◆ TASK OBJECTIVE ◆
Scan the records below for the line containing "Apple Fruits Logo Vector pinterest image." and the line containing "LG OLED TV (E7)". Copy both, plus every line between, exactly.

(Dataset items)
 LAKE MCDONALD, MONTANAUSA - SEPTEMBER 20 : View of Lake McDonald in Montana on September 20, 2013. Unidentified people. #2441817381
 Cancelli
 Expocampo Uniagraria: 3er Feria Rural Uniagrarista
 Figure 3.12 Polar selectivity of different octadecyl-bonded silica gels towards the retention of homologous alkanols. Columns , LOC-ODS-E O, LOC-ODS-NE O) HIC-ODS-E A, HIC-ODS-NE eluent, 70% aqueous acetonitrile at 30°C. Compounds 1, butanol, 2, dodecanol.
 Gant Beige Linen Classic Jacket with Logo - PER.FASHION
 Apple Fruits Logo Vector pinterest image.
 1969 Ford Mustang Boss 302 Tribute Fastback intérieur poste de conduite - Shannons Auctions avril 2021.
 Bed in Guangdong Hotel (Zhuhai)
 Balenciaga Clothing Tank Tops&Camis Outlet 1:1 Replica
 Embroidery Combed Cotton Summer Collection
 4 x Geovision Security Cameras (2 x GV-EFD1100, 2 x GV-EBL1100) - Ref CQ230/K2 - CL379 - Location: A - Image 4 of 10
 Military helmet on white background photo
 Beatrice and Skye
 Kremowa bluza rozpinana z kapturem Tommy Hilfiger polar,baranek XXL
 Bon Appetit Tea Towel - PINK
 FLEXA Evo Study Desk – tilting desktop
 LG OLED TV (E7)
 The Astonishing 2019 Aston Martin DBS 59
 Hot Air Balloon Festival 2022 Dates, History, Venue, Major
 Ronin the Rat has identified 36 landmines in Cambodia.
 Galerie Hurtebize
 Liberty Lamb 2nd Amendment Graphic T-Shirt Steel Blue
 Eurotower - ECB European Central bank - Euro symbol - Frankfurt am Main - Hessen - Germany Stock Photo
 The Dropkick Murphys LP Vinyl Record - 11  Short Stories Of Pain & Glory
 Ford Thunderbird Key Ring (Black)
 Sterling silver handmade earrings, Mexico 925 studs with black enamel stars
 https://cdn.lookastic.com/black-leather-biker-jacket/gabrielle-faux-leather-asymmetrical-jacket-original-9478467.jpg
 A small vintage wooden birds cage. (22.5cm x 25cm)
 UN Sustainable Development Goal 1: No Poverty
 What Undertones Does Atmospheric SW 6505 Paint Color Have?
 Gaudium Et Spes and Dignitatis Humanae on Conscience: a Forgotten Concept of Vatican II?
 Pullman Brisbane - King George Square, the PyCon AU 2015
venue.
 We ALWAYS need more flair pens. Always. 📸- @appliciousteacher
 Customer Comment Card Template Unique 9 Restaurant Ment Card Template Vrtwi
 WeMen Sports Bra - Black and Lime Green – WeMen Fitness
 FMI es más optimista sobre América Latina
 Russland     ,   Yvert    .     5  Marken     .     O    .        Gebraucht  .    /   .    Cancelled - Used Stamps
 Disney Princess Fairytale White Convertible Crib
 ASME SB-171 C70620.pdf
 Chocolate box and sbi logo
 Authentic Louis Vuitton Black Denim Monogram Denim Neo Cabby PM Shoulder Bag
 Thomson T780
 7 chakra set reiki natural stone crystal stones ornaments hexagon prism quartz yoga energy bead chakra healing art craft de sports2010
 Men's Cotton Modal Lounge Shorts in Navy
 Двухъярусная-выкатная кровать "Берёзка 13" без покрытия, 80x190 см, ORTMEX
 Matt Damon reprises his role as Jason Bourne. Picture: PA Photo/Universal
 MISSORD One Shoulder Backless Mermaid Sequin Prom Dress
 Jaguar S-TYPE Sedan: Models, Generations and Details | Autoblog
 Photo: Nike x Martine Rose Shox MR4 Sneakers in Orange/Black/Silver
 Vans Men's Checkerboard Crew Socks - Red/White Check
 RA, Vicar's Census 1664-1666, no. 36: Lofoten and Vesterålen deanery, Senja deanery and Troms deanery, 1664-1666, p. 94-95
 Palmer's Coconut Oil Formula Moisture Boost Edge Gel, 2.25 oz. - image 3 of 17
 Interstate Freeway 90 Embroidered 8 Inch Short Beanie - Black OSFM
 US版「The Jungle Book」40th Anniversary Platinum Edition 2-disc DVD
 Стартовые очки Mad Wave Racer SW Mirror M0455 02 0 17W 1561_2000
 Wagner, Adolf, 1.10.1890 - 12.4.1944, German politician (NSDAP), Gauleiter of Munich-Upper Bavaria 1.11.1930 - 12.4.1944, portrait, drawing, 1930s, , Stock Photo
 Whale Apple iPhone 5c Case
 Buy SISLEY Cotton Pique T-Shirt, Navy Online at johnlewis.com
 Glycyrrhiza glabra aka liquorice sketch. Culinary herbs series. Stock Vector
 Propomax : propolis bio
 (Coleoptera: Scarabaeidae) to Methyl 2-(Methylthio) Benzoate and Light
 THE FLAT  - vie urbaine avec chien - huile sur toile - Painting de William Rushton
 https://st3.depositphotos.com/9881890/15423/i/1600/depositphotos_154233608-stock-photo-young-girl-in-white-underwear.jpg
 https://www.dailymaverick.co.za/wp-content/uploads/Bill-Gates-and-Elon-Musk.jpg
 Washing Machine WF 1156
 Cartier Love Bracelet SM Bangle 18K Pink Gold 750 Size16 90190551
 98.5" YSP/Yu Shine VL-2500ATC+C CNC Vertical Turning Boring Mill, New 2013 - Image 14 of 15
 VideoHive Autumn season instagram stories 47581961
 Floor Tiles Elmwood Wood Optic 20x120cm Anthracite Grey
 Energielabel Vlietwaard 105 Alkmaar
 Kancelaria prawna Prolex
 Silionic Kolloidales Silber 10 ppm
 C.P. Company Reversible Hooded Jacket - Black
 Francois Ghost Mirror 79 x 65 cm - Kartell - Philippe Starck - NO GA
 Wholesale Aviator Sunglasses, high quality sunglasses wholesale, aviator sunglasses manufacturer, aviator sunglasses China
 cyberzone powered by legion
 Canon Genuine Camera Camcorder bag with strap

◆ TASK SOLUTION ◆
 Apple Fruits Logo Vector pinterest image.
 1969 Ford Mustang Boss 302 Tribute Fastback intérieur poste de conduite - Shannons Auctions avril 2021.
 Bed in Guangdong Hotel (Zhuhai)
 Balenciaga Clothing Tank Tops&Camis Outlet 1:1 Replica
 Embroidery Combed Cotton Summer Collection
 4 x Geovision Security Cameras (2 x GV-EFD1100, 2 x GV-EBL1100) - Ref CQ230/K2 - CL379 - Location: A - Image 4 of 10
 Military helmet on white background photo
 Beatrice and Skye
 Kremowa bluza rozpinana z kapturem Tommy Hilfiger polar,baranek XXL
 Bon Appetit Tea Towel - PINK
 FLEXA Evo Study Desk – tilting desktop
 LG OLED TV (E7)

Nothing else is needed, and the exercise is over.